Ranking | Risk factor | Feature importance |
---|---|---|
1 | Total hip BMD | 0.222 |
2 | Lumbar spine BMD | 0.112 |
3 | Femur neck BMD | 0.101 |
4 | Arthralgia score | 0.100 |
5 | Creatinine | 0.090 |
6 | Homocysteine | 0.086 |
7 | AST | 0.076 |
8 | Lumbar spine TBS | 0.072 |
9 | Fasting glucose | 0.068 |
10 | Age | 0.062 |
11 | Triglyceride | 0.062 |
12 | K‐MMSE | 0.061 |
13 | CRP | 0.060 |
14 | BMI | 0.058 |
15 | Menarche | 0.055 |
16 | Platelet | 0.049 |
17 | Income status | 0.043 |
18 | Previous fracture history | 0.041 |
19 | TSH | 0.040 |
20 | K‐GDS | 0.038 |
AST = Aspartate aminotransferase; CRP = C‐reactive protein; K‐GDS = Korean geriatric depression score; K‐MMSE = Korean mini‐mental status examination; TBS = trabecular bone score; TSH = thyroid‐stimulating hormone (thyrotropin).
As illustrated in Fig. 2, decreased BMD and TBS were related to an increased fracture risk with a large impact on the model. Also, increased arthralgia score, low level of serum creatinine, mild elevation of homocysteine, high fasting glucose, and age were related to an increased fracture risk. Decreased cognitive function, income status, TSH, increased CRP, BMI, and age of menarche contributed to an increased fracture risk. The phenomenon was supported in partial dependence plots as given in Fig. 3, which demonstrate decreasing total hip BMD; lumbar spine TBS had an increasing model contribution value to the fracture prediction (Fig. 3 A,B). As can be seen in Fig. 3 A and B, patients of younger age tended to have higher BMD and lower TBS. In Fig. 3 C and D, partial dependence plots show that increased arthralgia score and mildly increased homocysteine level had an increased model contribution value to fracture prediction.
Performance of the model
Compared with conventional models such as logistic regression and SVM, the CatBoost machine‐learning model had the best performance in predicting fractures (Table 3). The AUC of the CatBoost model was significantly higher than those of the logistic regression model and the SVM model in total fracture prediction, vertebral fracture prediction, and hip fracture prediction (p < 0.001 for all).

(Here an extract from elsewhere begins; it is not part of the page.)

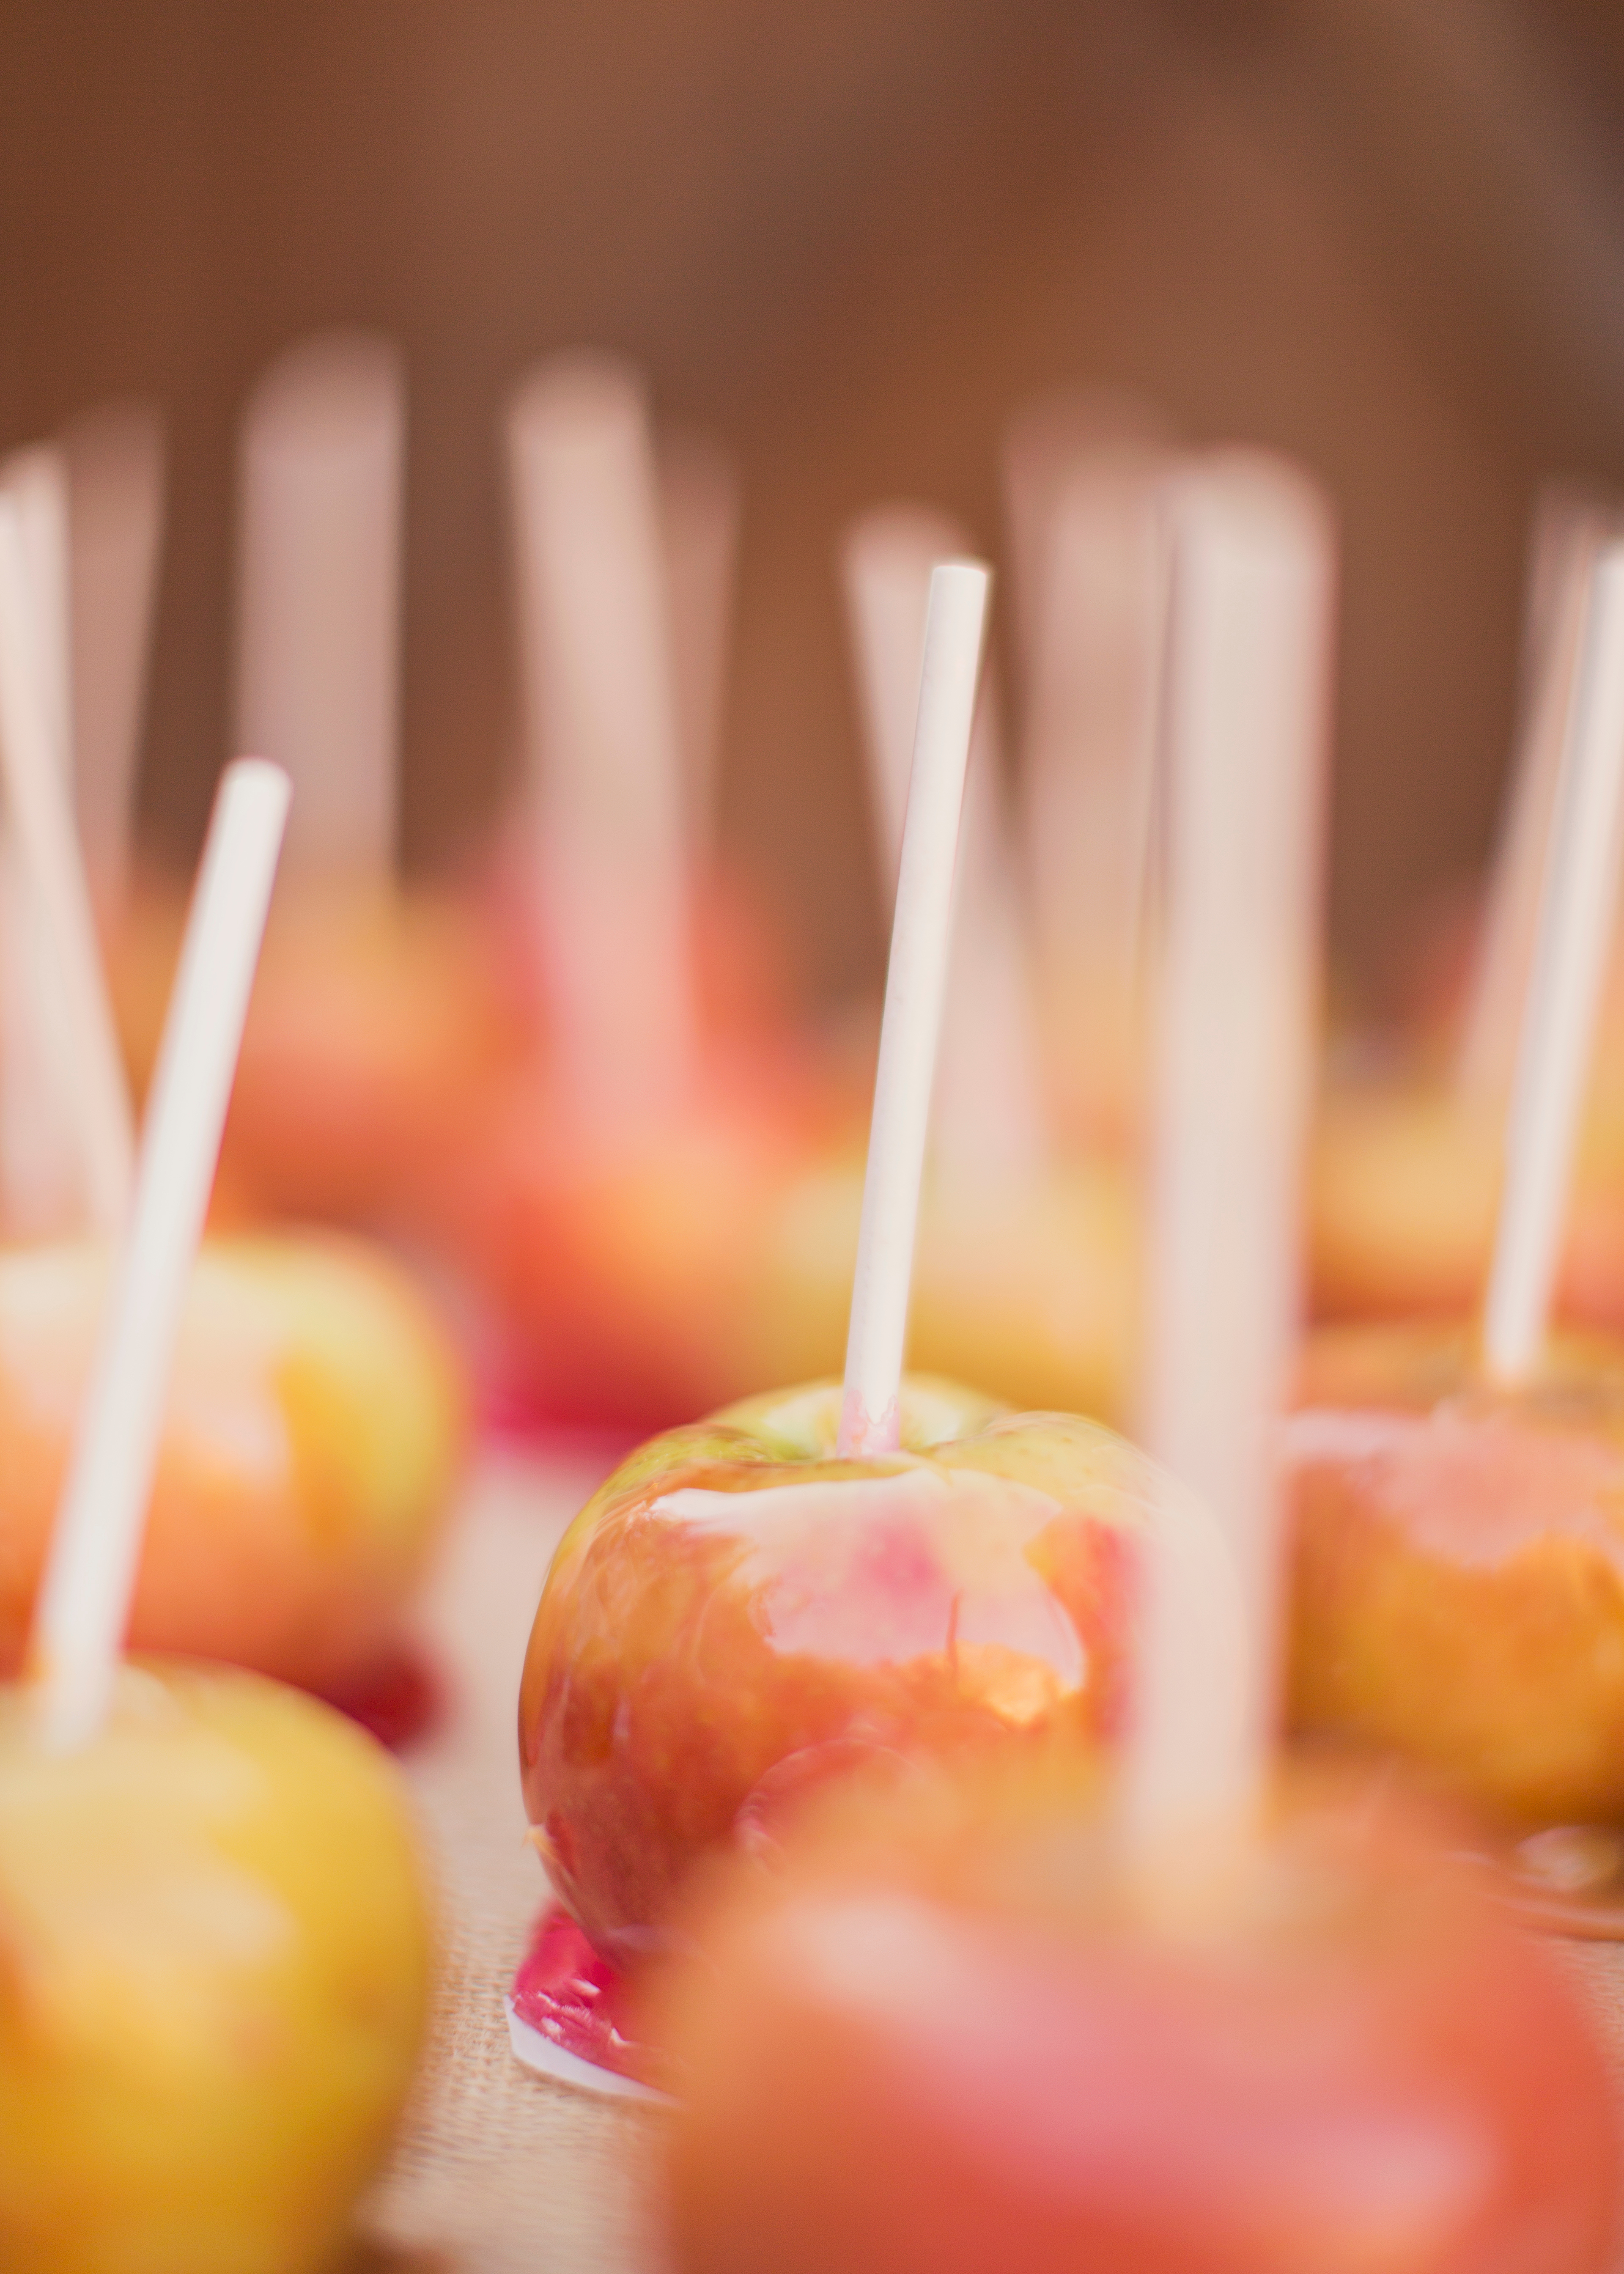 Candied Apples!

The CatBoost model with the top‐20 variables showed a similar performance in total fracture prediction and a more reduced performance in vertebral and hip fracture prediction than the model with all variables. Logistic regression with the top‐20 variables showed more reduced performance in total and vertebral fracture prediction, but better performance in hip fracture prediction than the model with all variables. The SVM model with the top‐20 variables showed better performances in total fracture and vertebral fracture prediction than the model with all variables. Among the three models with the top‐20 variables, the CatBoost model with the top‐20 variables showed the best performance with an AUC of 0.688 compared with the logistic regression model (AUC of 0.565) or the SVM model (AUC of 0.542) with the top‐20 variables (Table 3).

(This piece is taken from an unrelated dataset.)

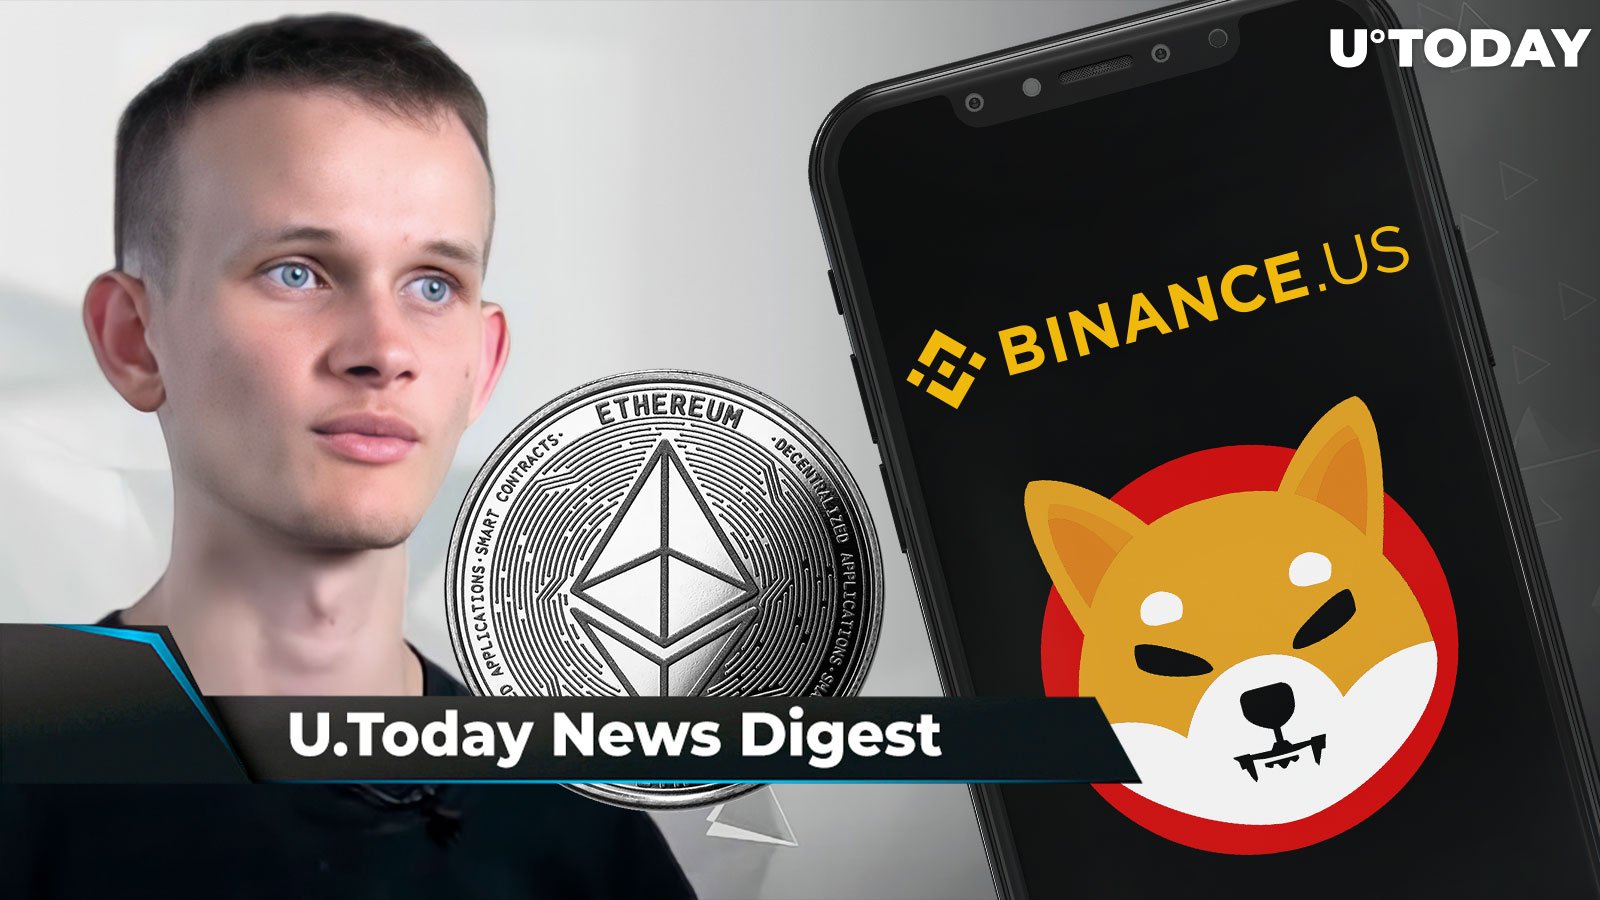 SHIB/USD Listed by Binance.US, SHIB Army Suggests Shytoshi's Real Name, Vitalik Buterin Sells Personal ETH Holdings: Crypto News Digest by U.Today

As the CatBoost model had the best performance, the performance of the CatBoost model was compared with the FRAX score model (Table 4). For the total fracture category, the AUC of the CatBoost machine‐learning model was 0.687, which was significantly better than the FRAX score with TBS data (0.663, p < 0.001). For the hip fracture category, the AUC of the CatBoost model was 0.656, which was also significantly higher than the FRAX score with TBS data (0.549, p < 0.001). Comparing the SVM and logistic regression model with FRAX (major fracture with TBS, AUC 0.663), both the logistic regression model (AUC 0.614) and SVM model (AUC 0.500) had significantly lower AUC values (p < 0.001 for both; Tables 3 and 4).
Table 4.
Total fracture | p a | Hip fracture | p a | |
---|---|---|---|---|
Machine‐learning model (CatBoost) | 0.688 (0.687–0.688) | 0.656 (0.655–0.656) | ||
FRAX (major, without BMD), % | 0.638 | <0.001 | ‐ | ‐ |
FRAX (major, with BMD), % | 0.660 | <0.001 | ‐ | ‐ |
FRAX (major, with TBS), % | 0.663 | <0.001 | ‐ | ‐ |
FRAX (hip, without BMD), % | ‐ | ‐ | 0.528 | <0.001 |
FRAX (hip, with BMD), % | ‐ | ‐ | 0.545 | <0.001 |
FRAX (hip, with TBS), % | ‐ | ‐ | 0.549 | <0.001 |
AUC = area under the curve; FRAX = fracture risk assessment tool; TBS = trabecular bone score.

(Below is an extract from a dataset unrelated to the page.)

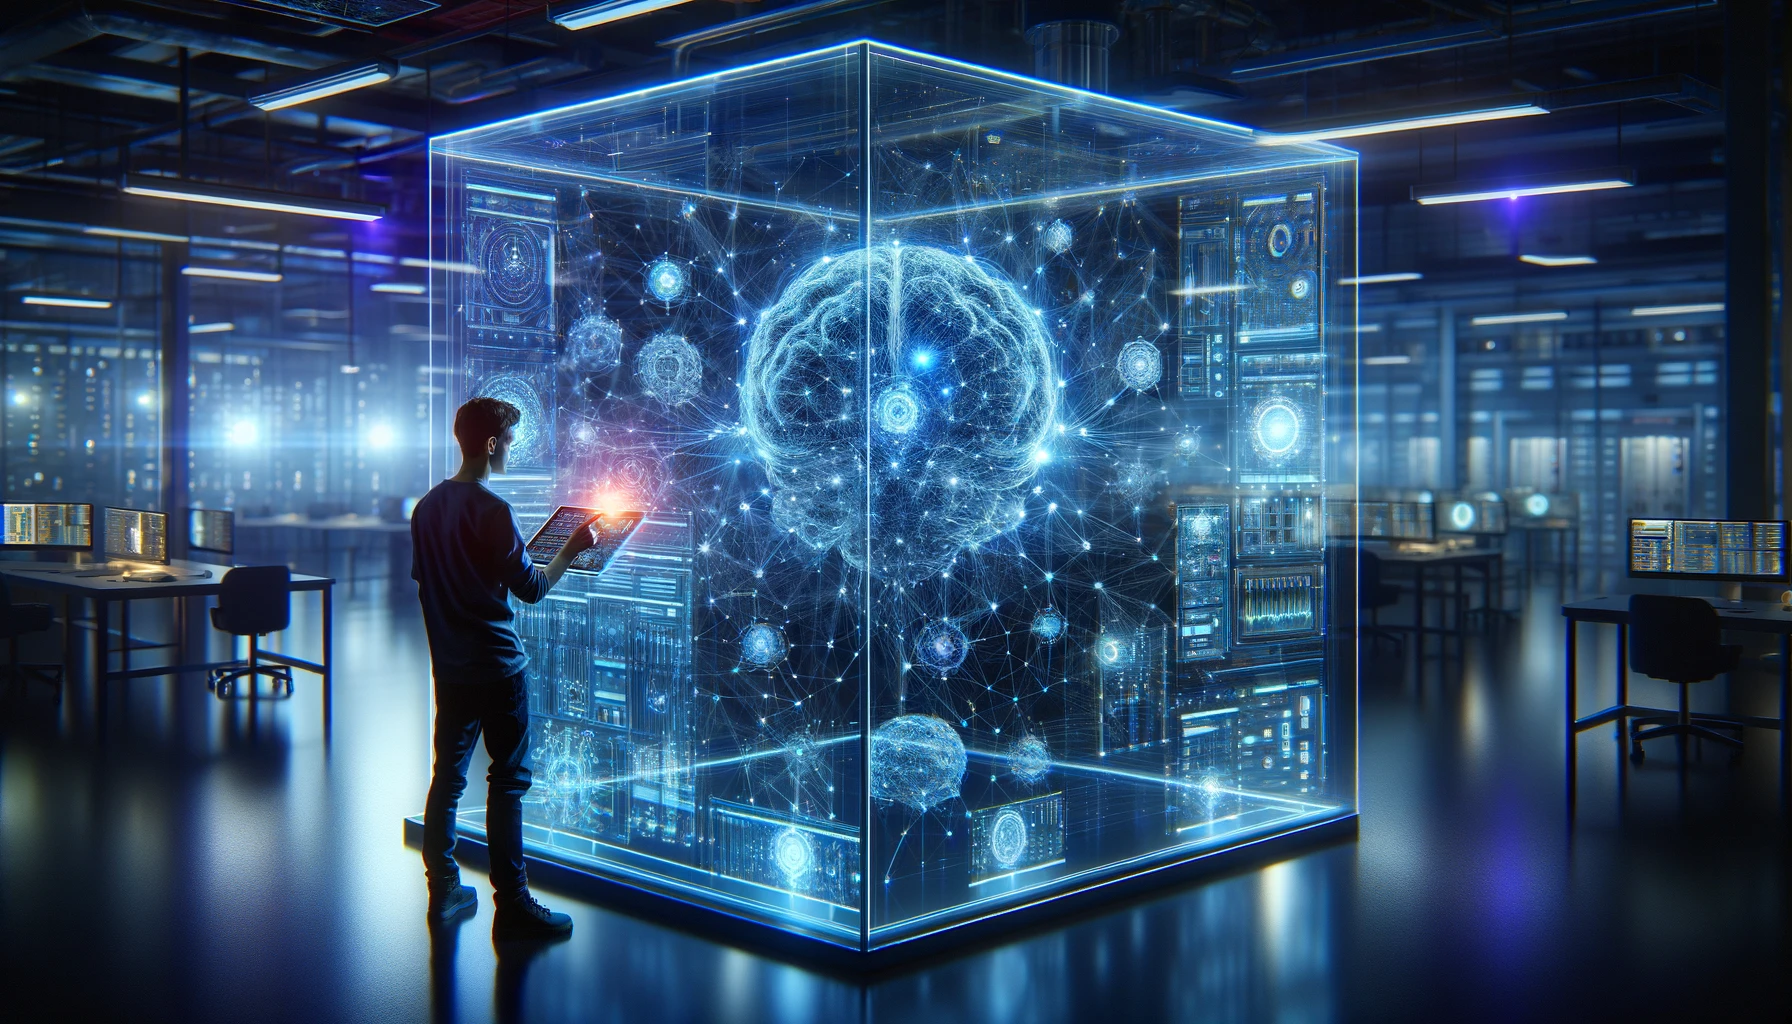 A vivid portrayal of an advanced AI neural network as a glowing labyrinth of connections and nodes, enveloping a large, transparent digital screen. A focused engineer, in modern attire, is actively engaged with the network, fine-tuning the settings on a holographic interface. The scene is set in a cutting-edge laboratory, illuminated with ambient blue and purple lights, evoking a sense of innovation and urgency. The style is photorealistic. Camera: Canon EOS R5. Lens: Canon RF 24-105mm F4 L IS USM.

FRAX scores compared with the machine‐learning model.
Discussion
This is the first study to develop and evaluate a fracture prediction model with the CatBoost machine‐learning method in a longitudinal community‐based cohort study. The prediction model suggested the top‐20 risk factors of the fracture including well‐known factors such as total hip, lumbar, and femur neck BMD; TBS; body weight; age of menarche; age; and history of previous fractures, as well as lesser‐known novel factors such as arthralgia subjective score, homocysteine, CRP, TG levels, K‐GDS score, homeostasis model assessment of β‐cell function (HOMA‐β), and income status. The performance of the CatBoost model was better in predicting total fracture and hip fracture than the FRAX score, and better than conventional models such as logistic regression and the SVM model. Also, the CatBoost model constructed with only the top‐20 variables showed similar performance as the model with all variables.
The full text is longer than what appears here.